On the other hand, India's pharmaceutical industry has implemented numerous innovative measures that make it possible to manufacture drugs more cheaply than they are elsewhere. As the leading producer of low-cost medications, India not only serves markets in developed countries, such as the U.S., but it also provides much-needed medications to patients in less affluent countries. In fact, India supplies 80% of the donor-funded drugs used to treat AIDS patients.
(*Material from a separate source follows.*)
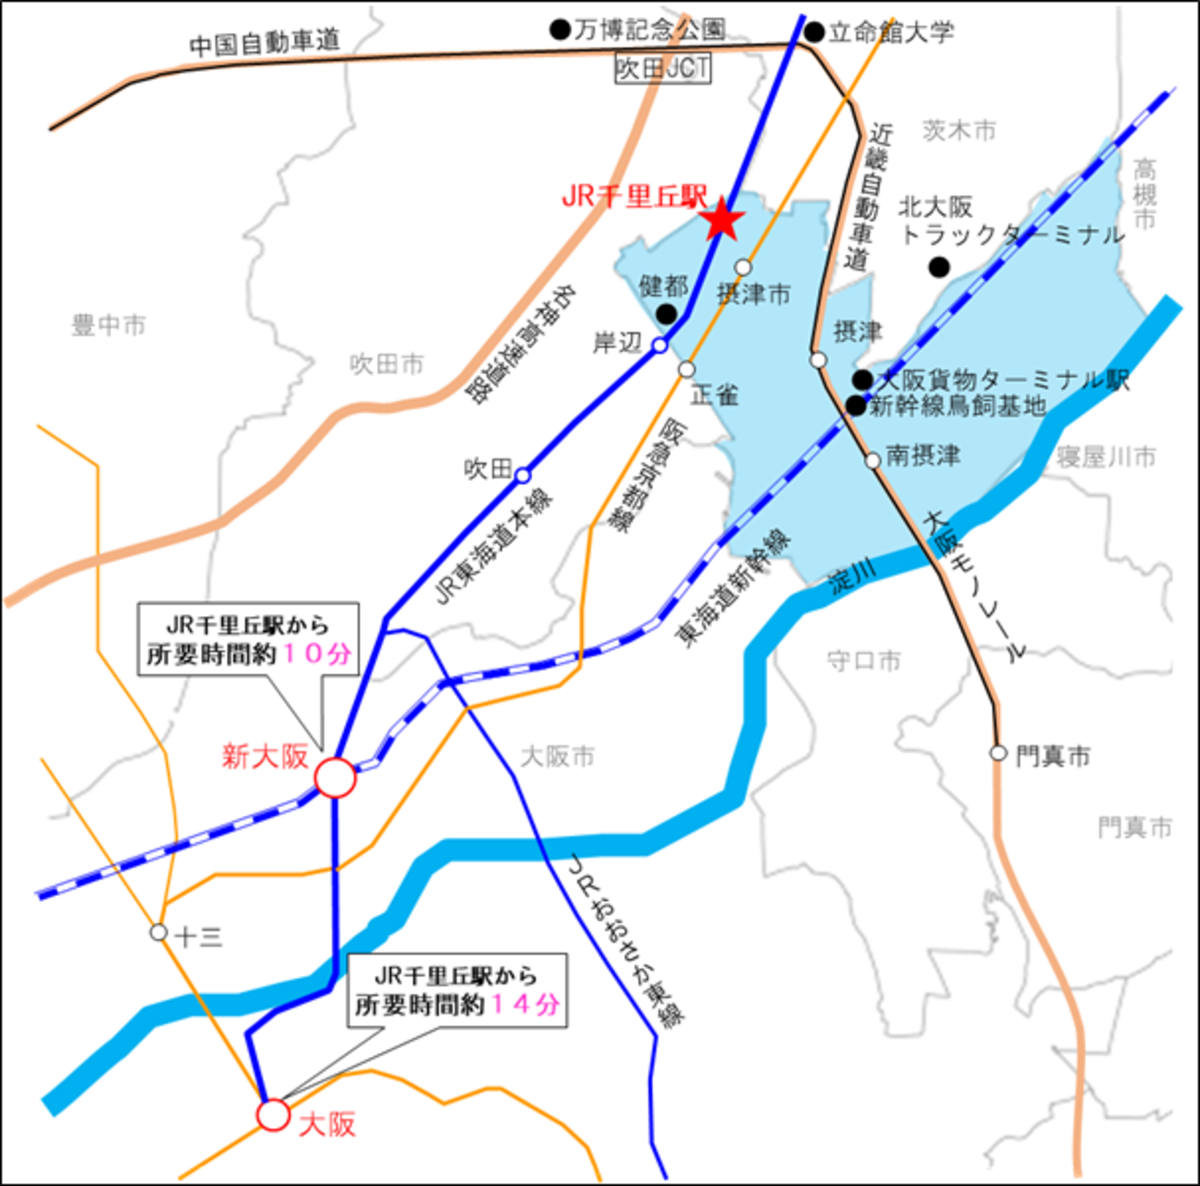 計画地の位置図。JR京都線で「新大阪」駅から約10分、「大阪」駅から約14分とアクセスも良好だ（出典：摂津市）

So where's the balance? India has more than 10,000 pharmaceutical manufacturing facilities that create products destined for 15 different markets. Some—but not all—of the facilities are approved by the FDA, the World Health Organization, or the European Medicines Association. Obtaining approval from one of these bodies is expensive and could result in price increases. Therefore, the Indian government is calling for standardized regulations among all of the regulatory agencies to allow Indian facilities to have one target that they can work towards. In the mean time, production continues as demand in the region continues to grow.